La joie. Emile Verhaeren.
La joie
ô ces larges beaux jours dont les matins flamboient !
La terre ardente et fière est plus superbe encor
et la vie éveillée est d’ un parfum si fort
que tout l’ être s’ en grise et bondit vers la joie.
Soyez remerciés, mes yeux,
d’ être restés si clairs, sous mon front déjà vieux,
pour voir au loin bouger et vibrer la lumière ;
et vous, mes mains, de tressaillir dans le soleil ;
et vous, mes doigts, de vous dorer aux fruits vermeils
pendus au long du mur, près des roses trémières.
Soyez remercié, mon corps,
d’ être ferme, rapide, et frémissant encor
au toucher des vents prompts ou des brises profondes ;
et vous, mon torse droit et mes larges poumons,
de respirer, au long des mers ou sur les monts,
l’ air radieux et vif qui baigne et mord les mondes.
ô ces matins de fête et de calme beauté !
Roses dont la rosée orne les purs visages,
oiseaux venus vers nous, comme de blancs présages,
jardins d’ ombre massive ou de frêle clarté !
à l’ heure où l’ ample été tiédit les avenues,
je vous aime, chemins, par où s’ en est venue
celle qui recélait, entre ses mains, mon sort ;
je vous aime, lointains marais et bois austères,
et sous mes pieds, jusqu’ au tréfonds, j’ aime la terre
où reposent mes morts.
J’ existe en tout ce qui m’ entoure et me pénètre.
Gazons épais, sentiers perdus, massifs de hêtres,
eau lucide que nulle ombre ne vient ternir,
vous devenez moi-même étant mon souvenir.
Ma vie, infiniment, en vous tous se prolonge,
je forme et je deviens tout ce qui fut mon songe ;
dans le vaste horizon dont s’ éblouit mon oeil,
arbres frissonnants d’ or, vous êtes mon orgueil ;
ma volonté, pareille aux noeuds dans votre écorce,
aux jours de travail ferme et sain, durcit ma force.
Quand vous frôlez mon front, roses des jardins clairs,
de vrais baisers de flamme illuminent ma chair ;
tout m’ est caresse, ardeur, beauté, frisson, folie,
je suis ivre du monde et je me multiplie
si fort en tout ce qui rayonne et m’ éblouit
que mon coeur en défaille et se délivre en cris.

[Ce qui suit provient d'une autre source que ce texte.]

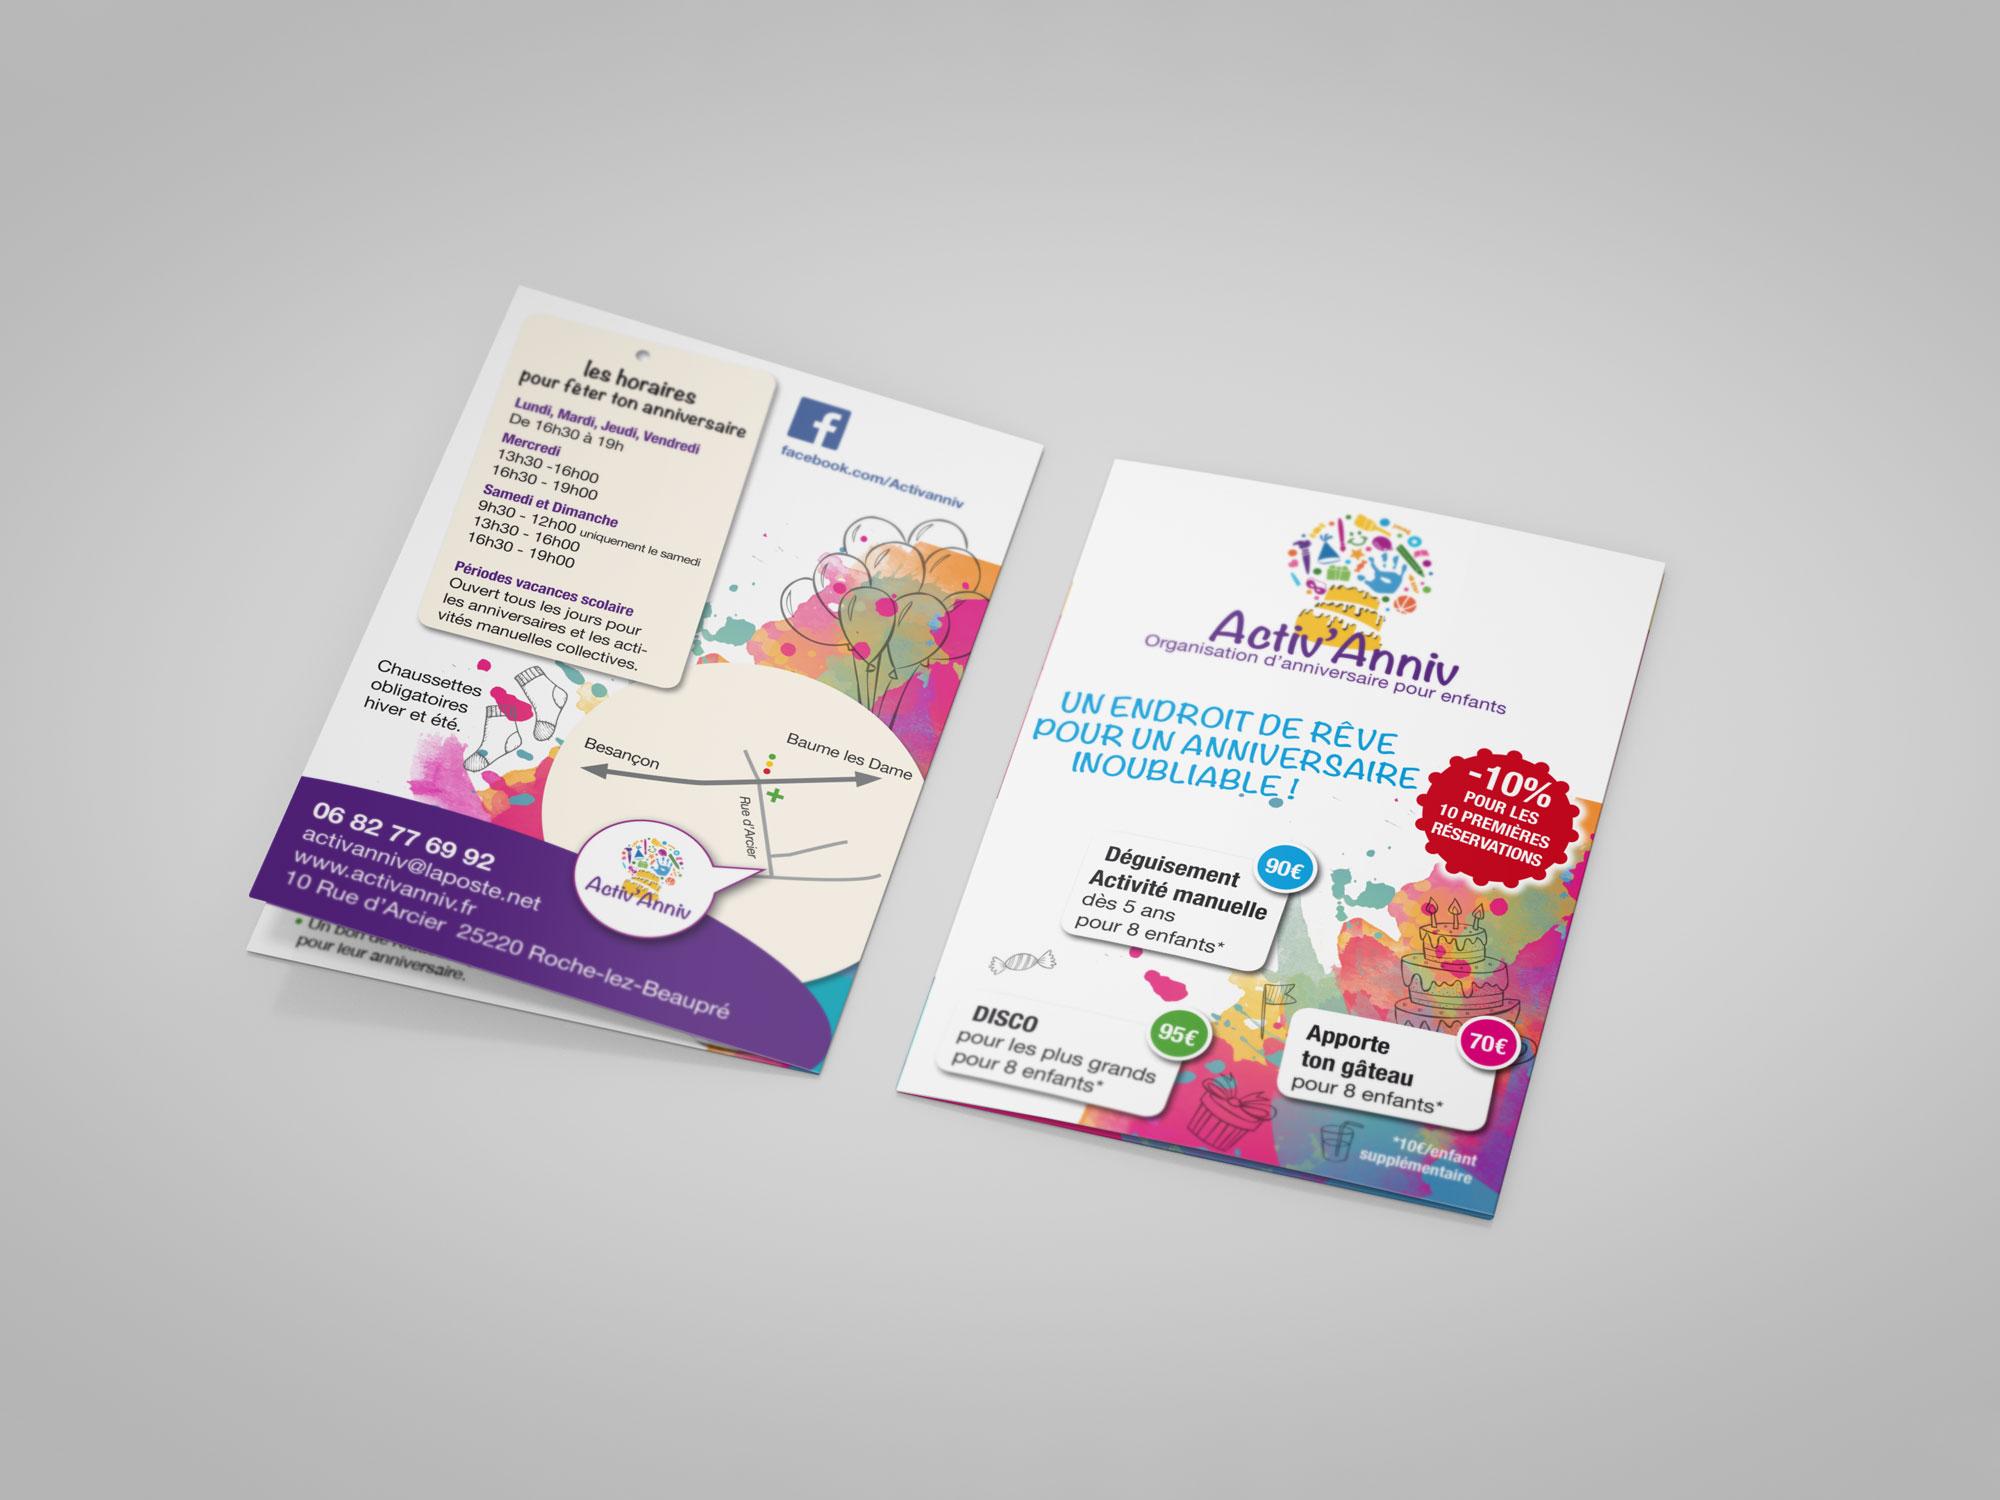 Leaflet Activ'anniv

ô ces bonds de ferveur, profonds, puissants et tendres
comme si quelque aile immense te soulevait,
si tu les as sentis vers l’ infini te tendre,
homme, ne te plains pas, même en des temps mauvais ;
quel que soit le malheur qui te prenne pour proie,
dis-toi, qu’ un jour, en un suprême instant,
tu as goûté quand même, à coeur battant,
la douce et formidable joie,
et que ton âme hallucinant tes yeux
jusqu’ à mêler ton être aux forces unanimes,
pendant ce jour unique et cette heure sublime,
t’ a fait semblable aux dieux.
Émile Verhaeren. La multiple splendeur.
Un bel hymne à la vie et à la nature. Quel profond enthousiasme! L’âme, l’esprit et le coeur s’émerveillent. Merci pour ce magnifique texte. Bisous. Marie.
Bonjour Jacqueline,
plein de nouvelles photos et de nouveaux articles chez toi…

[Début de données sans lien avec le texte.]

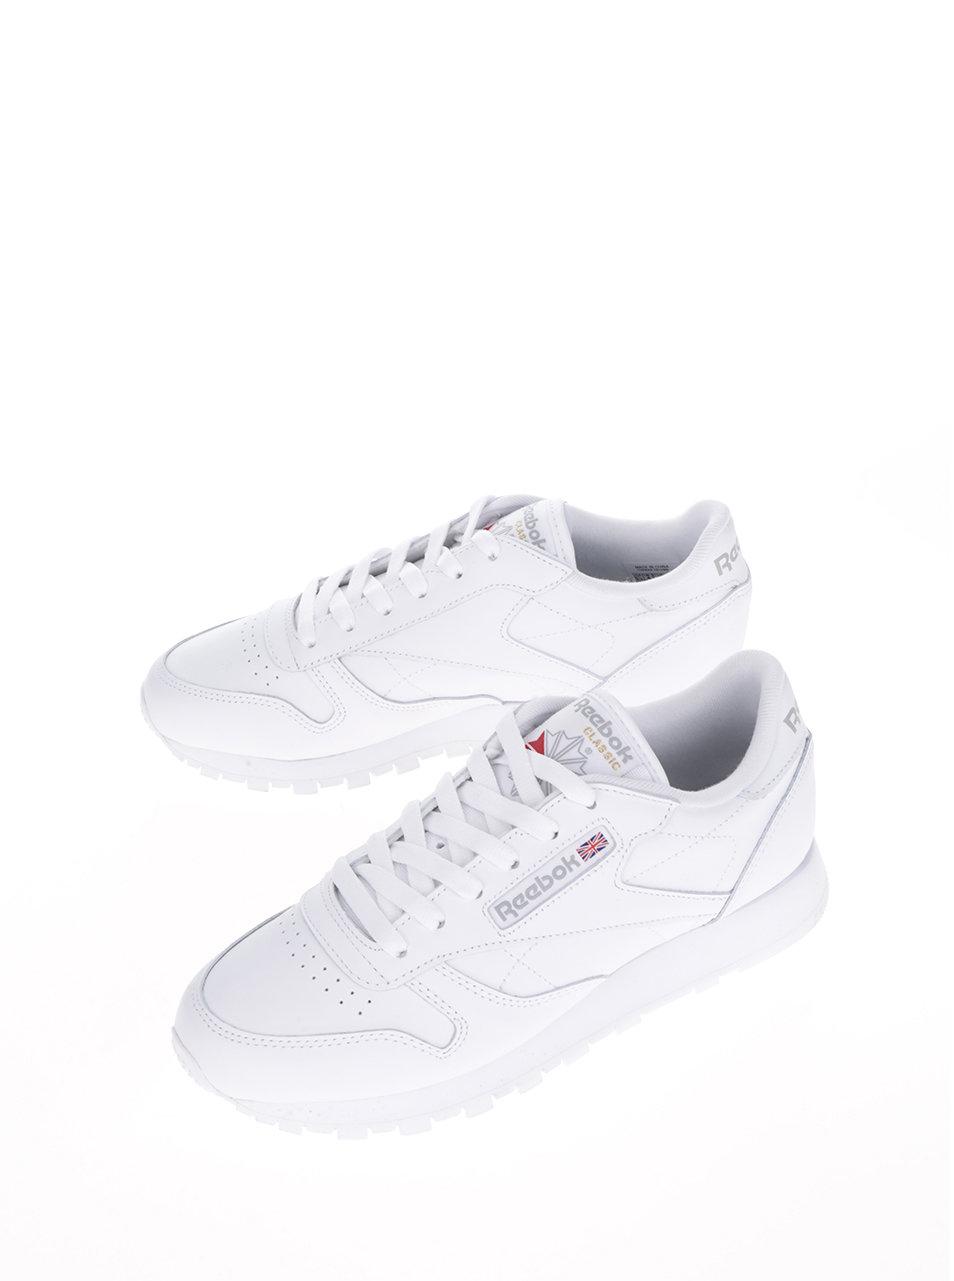 b034c66a44 Biele dámske kožené tenisky s tvarovanou podrážkou Reebok Classic ...

Je rentre de quelques jours de vacances…
Je passe sur ton blog et suis à nouveau plongée dans une très belle Bretagne, accompagné comme toujours de beaux textes…
Bises
Bonjour Jacqueline
Tu as choisi un très beau texte pour cette fin de semaine
Bonne fin de journée
Alain
En effet, c’est un vrai plaisir que de venir lire tes textes choisis.
J’aime beaucoup et pour moi c’est ma récréation de prendre le temps de venir faire un petit tour chez toi.
J’espère que le temps est meilleur qu’en Ile de France….Bises.
Gibi.
Chère Jacqueline. Quel beau texte ! Quelle leçon de vie. C’est un texte à lire, relire et relire encore.
Merci de m’avoir permis d’y avoir accès. J’aime l’attitude prônée par ce texte.